Тем не менее учение о монотеистической природе Мухаммада – важная составляющая мусульманской религии, поскольку поддерживает веру в то, что откровение было получено им от божественного источника. Признание того факта, что Мухаммад мог поддаваться влиянию кого-то вроде Зейда, для некоторых мусульман равносильно отрицанию божественного происхождения посланий Пророка. Но такие убеждения основаны еще и на ошибочном суждении, что религия рождается в своеобразном культурном вакууме, в то время как это абсолютно не так.

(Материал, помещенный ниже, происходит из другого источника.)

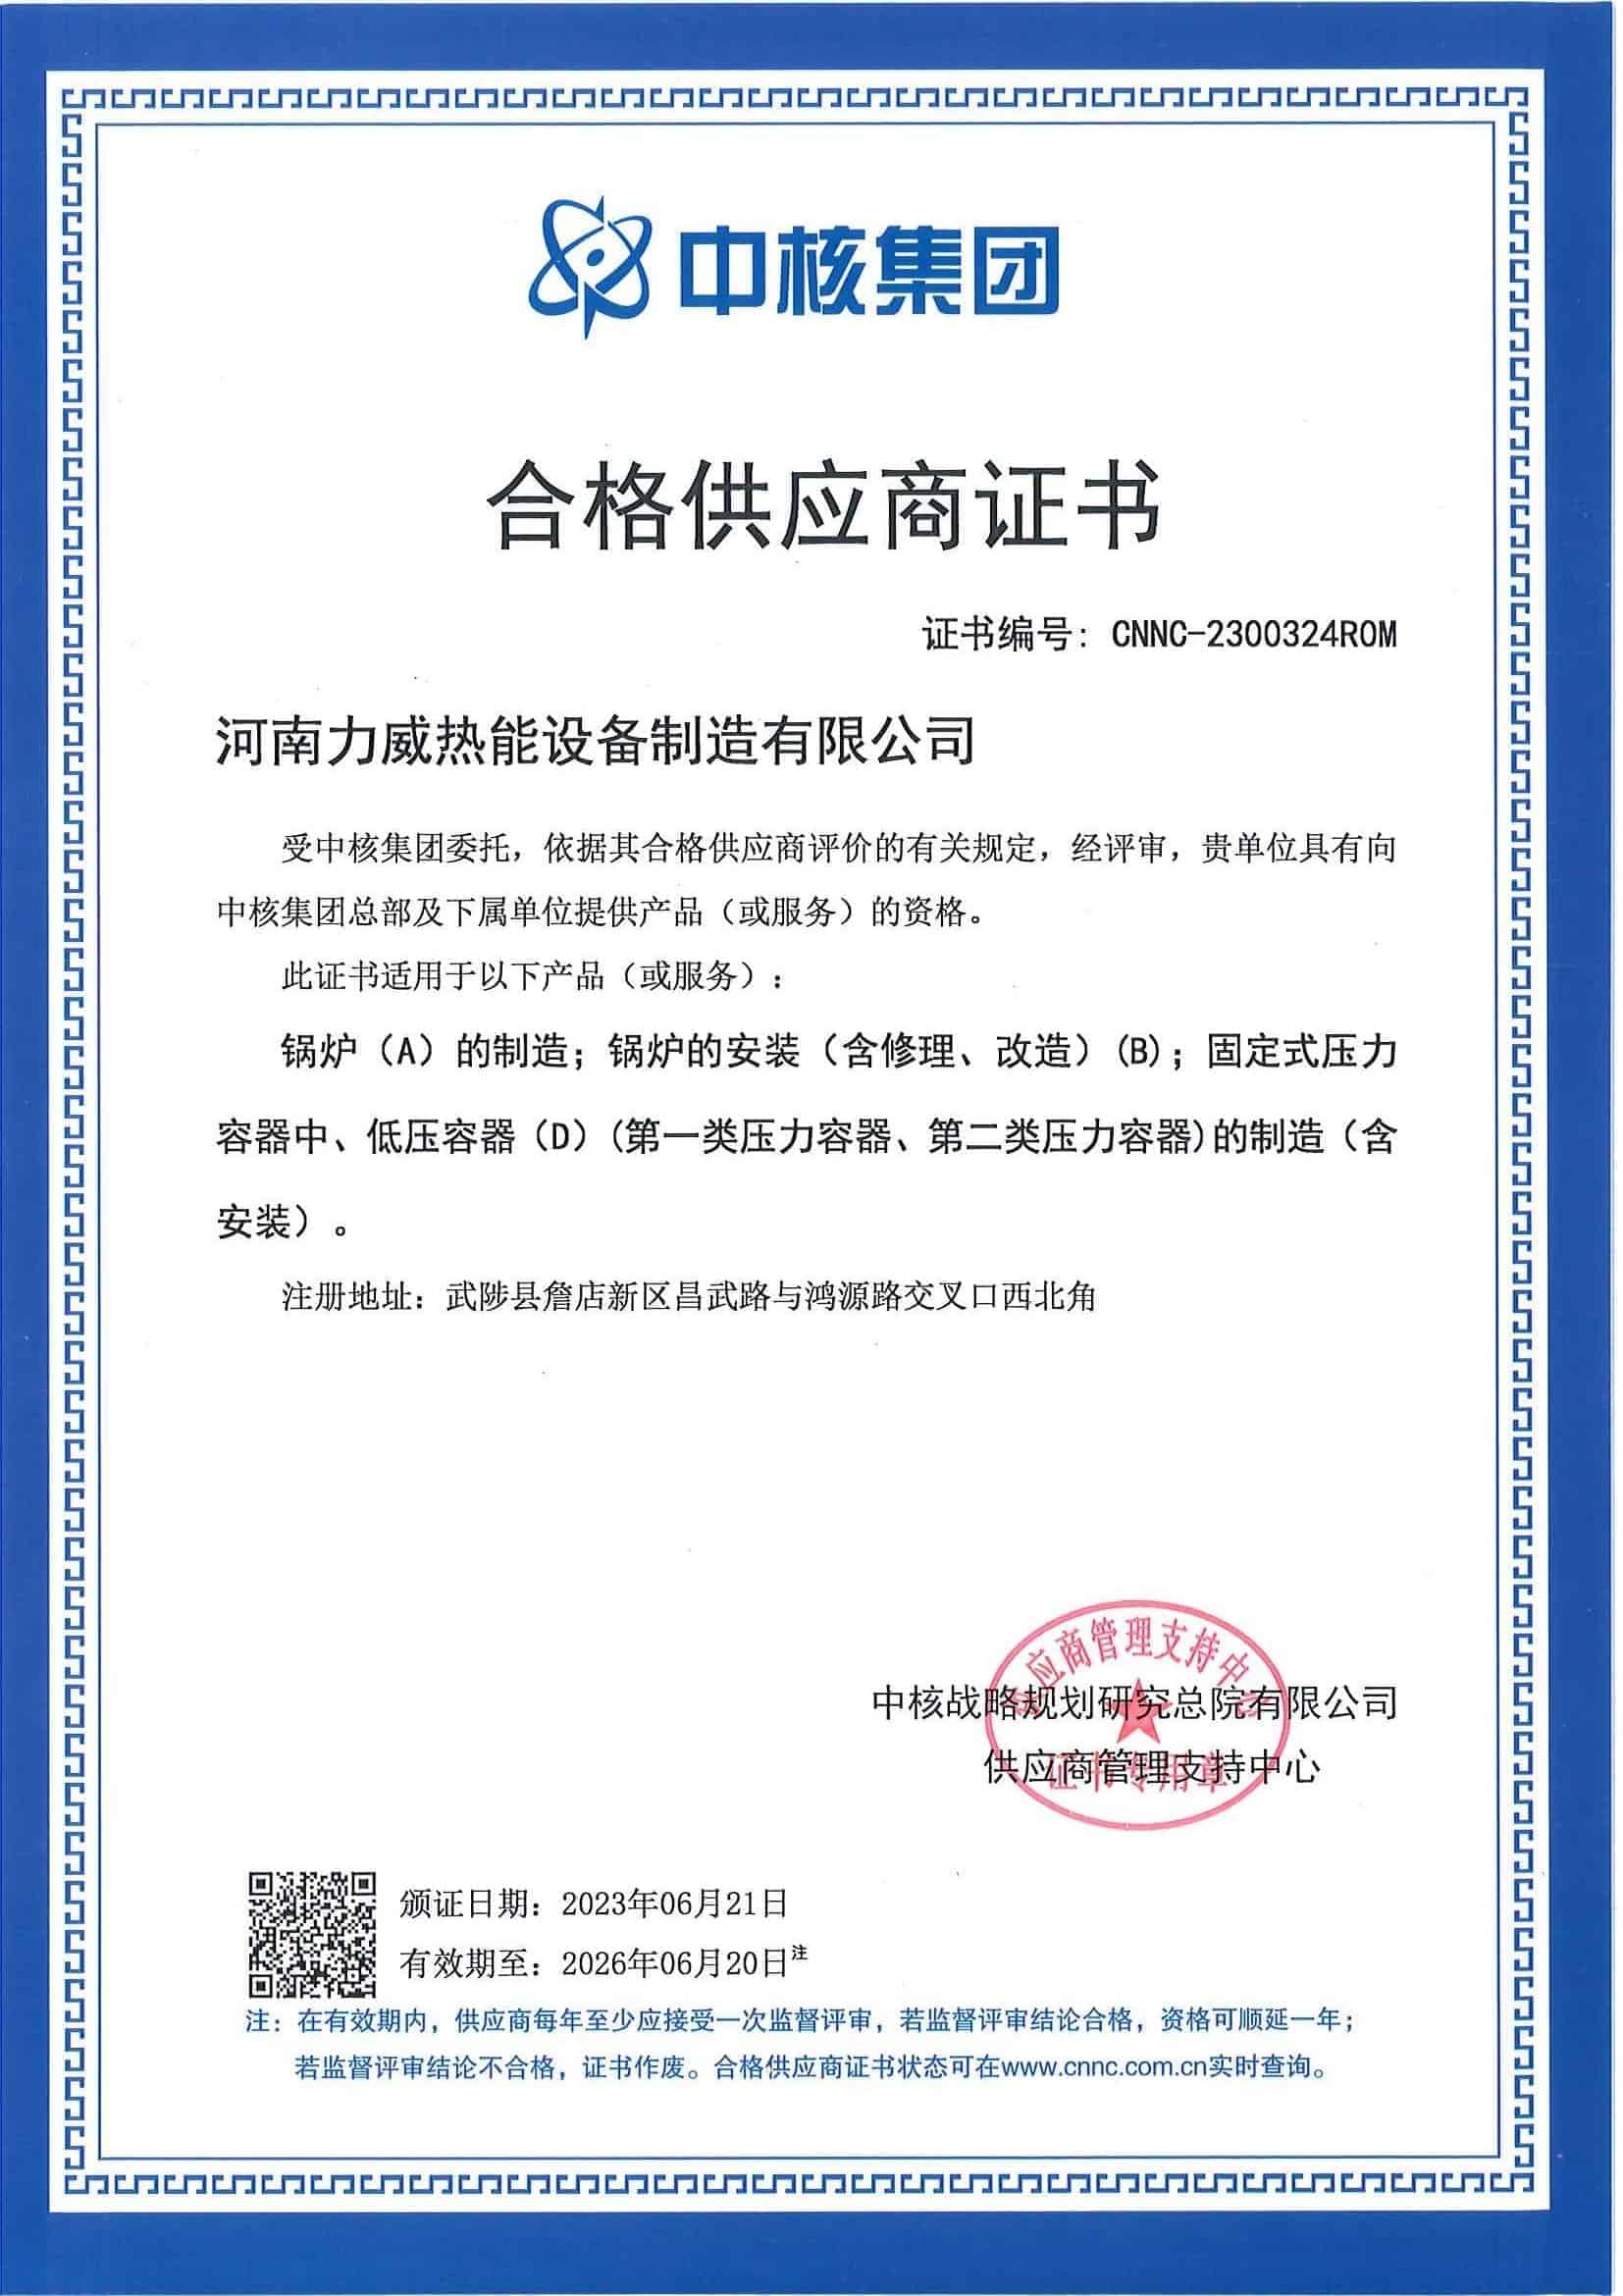 中核集团合格供应商证书

Все религии неразрывно связаны с социальной, духовной и культурной средой, в которой они зародились и развивались. Не пророки создают религии. Пророки, помимо прочего, выступают в качестве преобразователей, которые заново определяют и интерпретируют существующие верования и духовные практики своих обществ, предоставляя набор символов и метафор, с помощью которых последующие поколения смогут объяснить природу сущего. Действительно, зачастую именно последователи пророков берут на себя ответственность по преобразованию слов и дел своих учителей в единую, доступную пониманию религиозную доктрину.

Как и многие пророки до него, Мухаммад никогда не заявлял, что изобрел новую религию. По его признанию, это учение было попыткой изменить существующие религиозные убеждения и культурные практики доисламской Аравии, чтобы открыть Бога евреев и христиан арабским народам. «Он [Бог] узаконил для вас [арабов] в религии то, что завещал Нуху, что открыли Мы тебе и что завещали Ибрахиму, и Мусе, и Исе», – сказано в Коране (42:13). И неудивительно, что молодой Мухаммад испытывал влияние уклада религиозной жизни доисламской Аравии. Как верно то, что исламское движение уникально и божественно по своей природе, так бесспорно и то, что его истоки берут начало в культуре мультиэтничного и мультирелигиозного общества, питавшей воображение молодого Мухаммада, позволив перевести его революционное учение на язык, понятный арабам-язычникам, до которых он отчаянно пытался донести проповедуемые им идеи. Мухаммад, кем бы его ни считали, бесспорно, был человеком своего времени, даже если это время обозначают словом Джахилийа – «Период невежества».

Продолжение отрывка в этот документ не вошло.